_What is expected_. The listing that follows should be copied in full and exactly, with no pictures.

_Given material_.
*-*-*
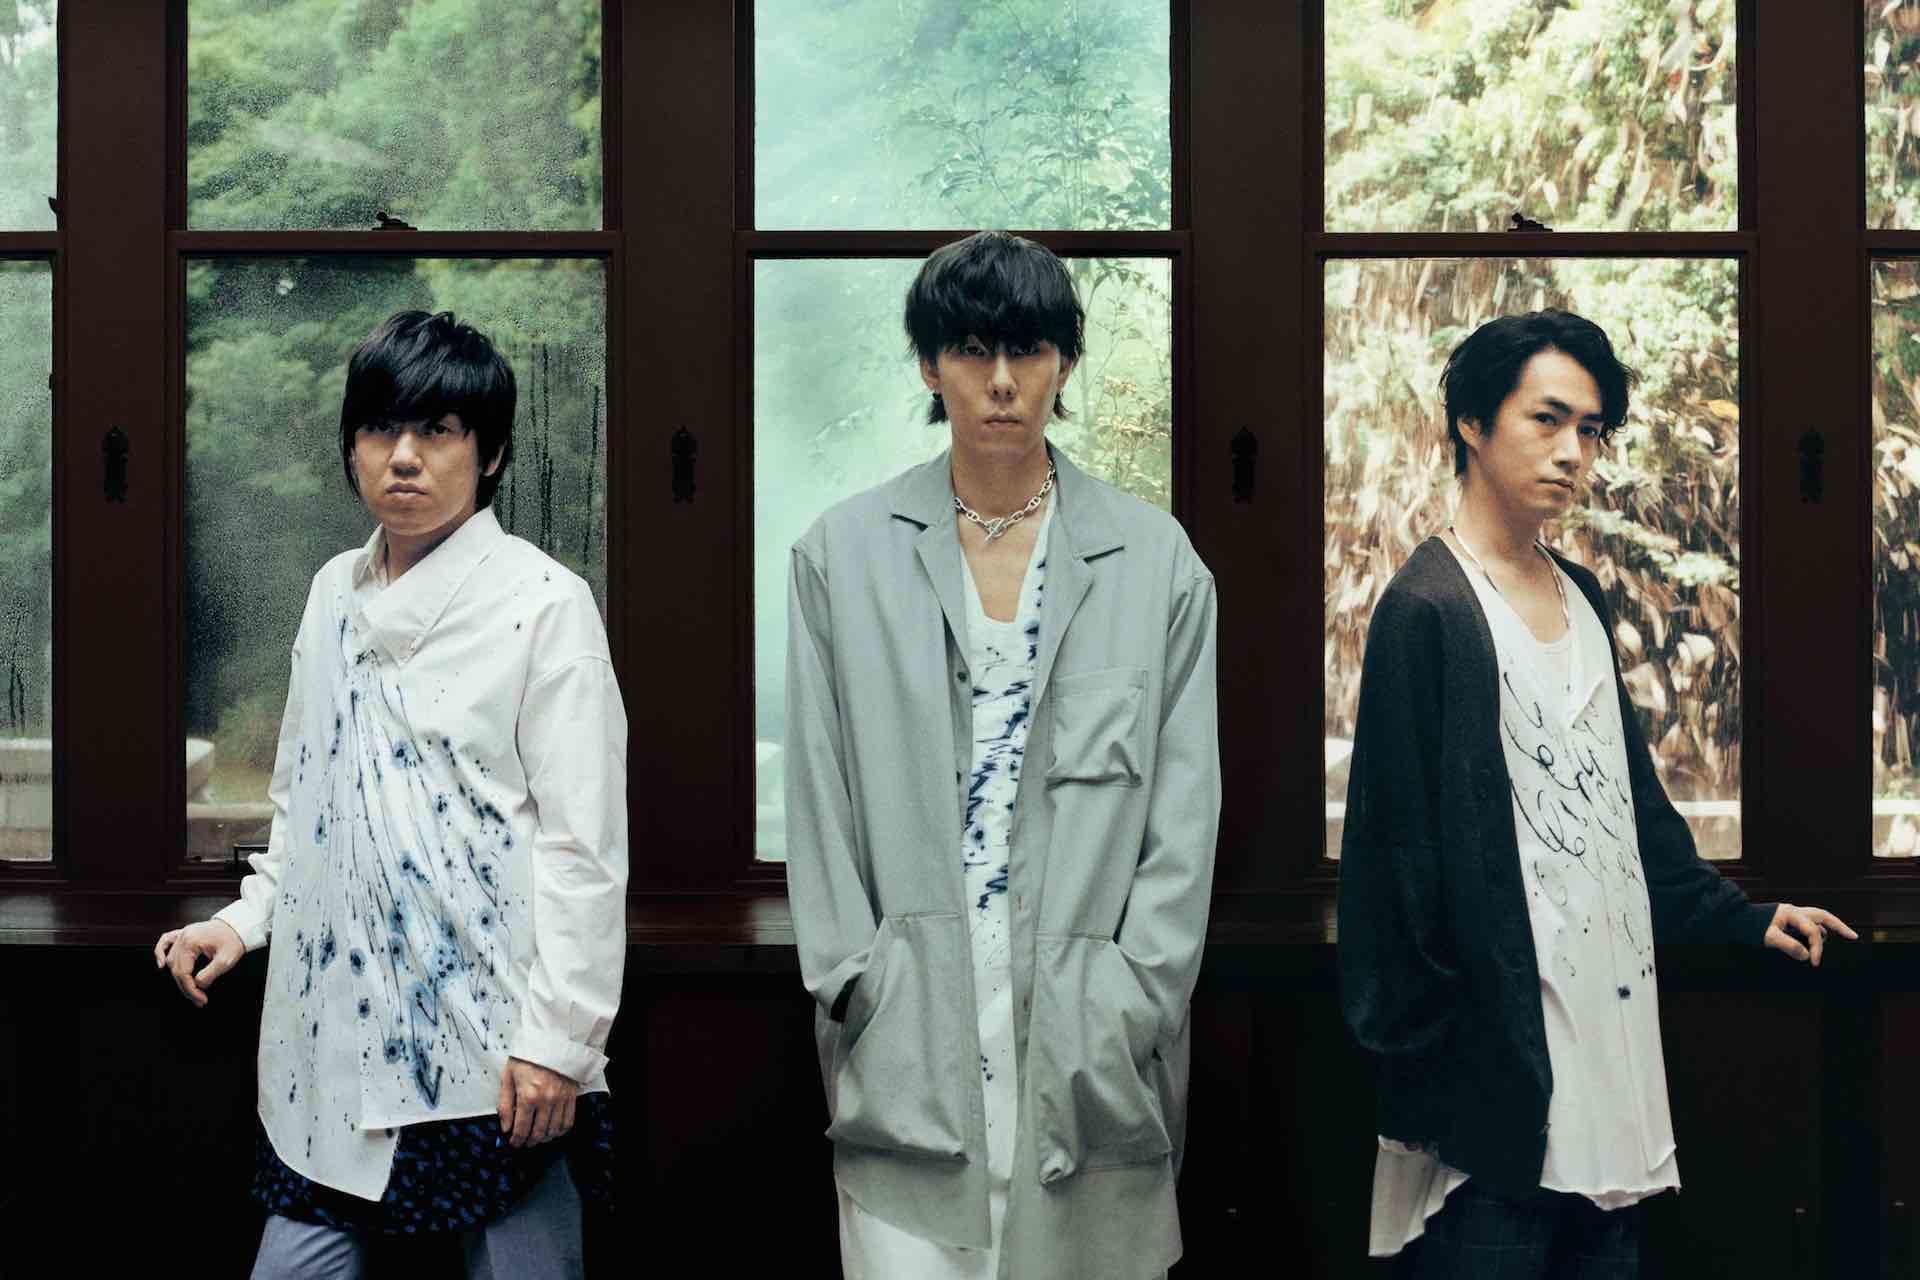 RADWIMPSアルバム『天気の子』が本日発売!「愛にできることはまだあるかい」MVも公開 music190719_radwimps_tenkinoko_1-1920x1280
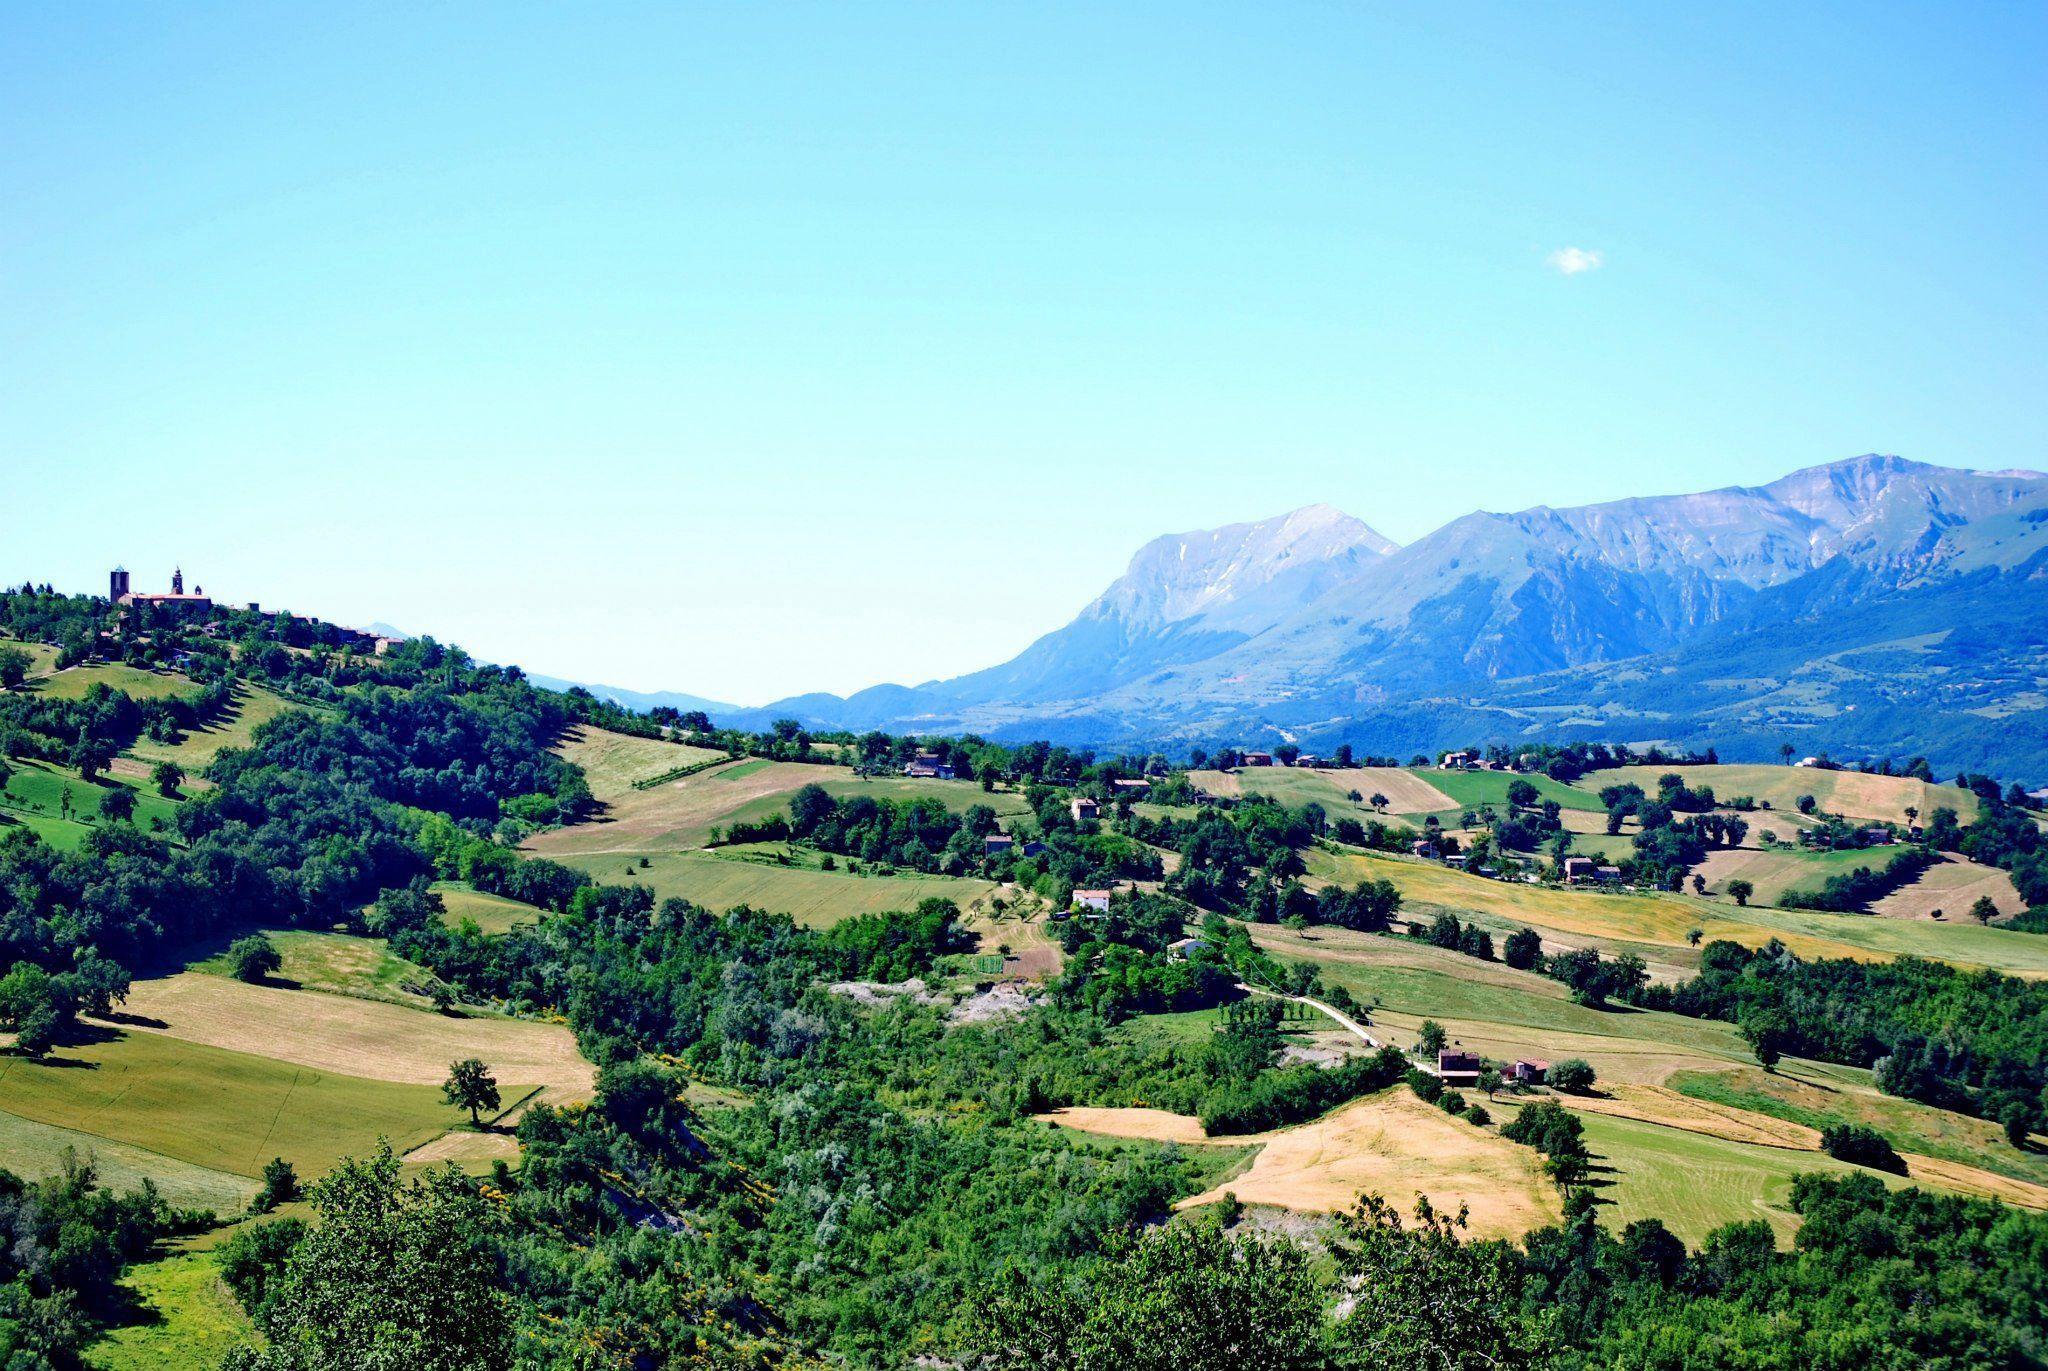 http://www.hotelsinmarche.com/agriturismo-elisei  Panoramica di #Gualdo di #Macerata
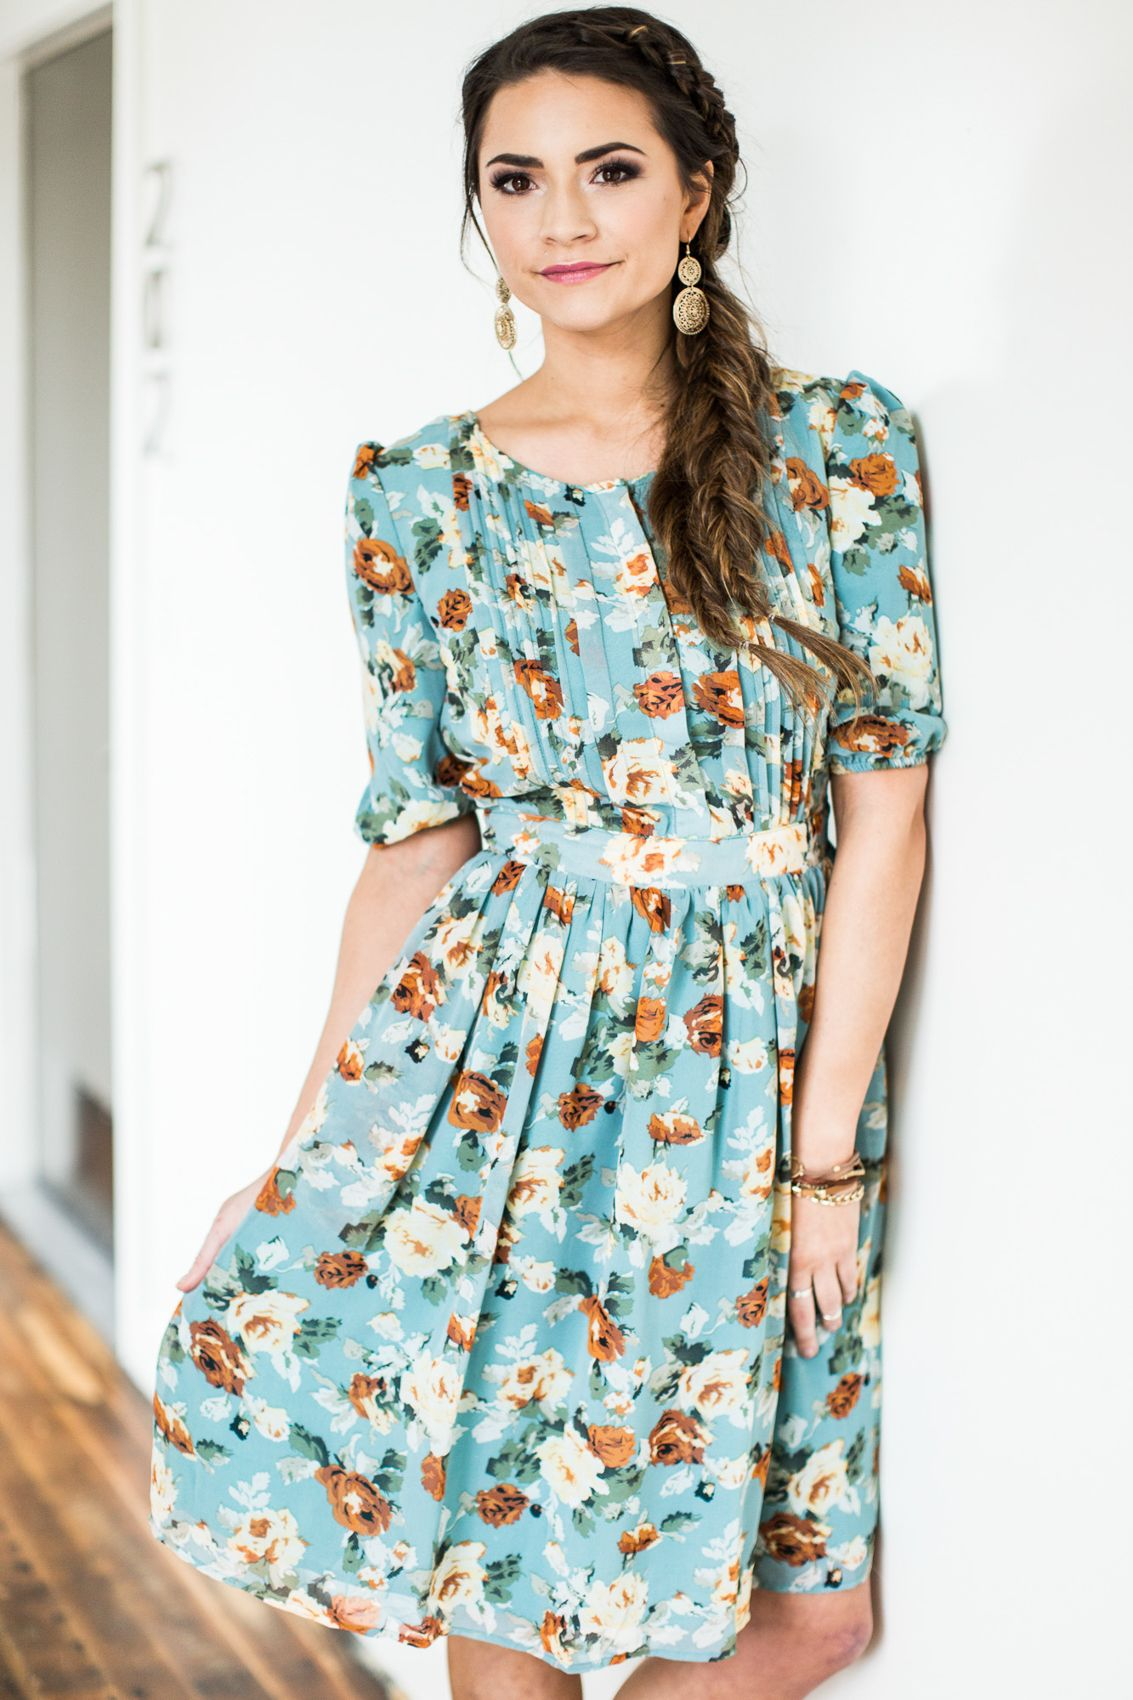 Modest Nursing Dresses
*-*-*
_Output of the exercise_.
 RADWIMPSアルバム『天気の子』が本日発売!「愛にできることはまだあるかい」MVも公開 music190719_radwimps_tenkinoko_1-1920x1280
 http://www.hotelsinmarche.com/agriturismo-elisei  Panoramica di #Gualdo di #Macerata
 Modest Nursing Dresses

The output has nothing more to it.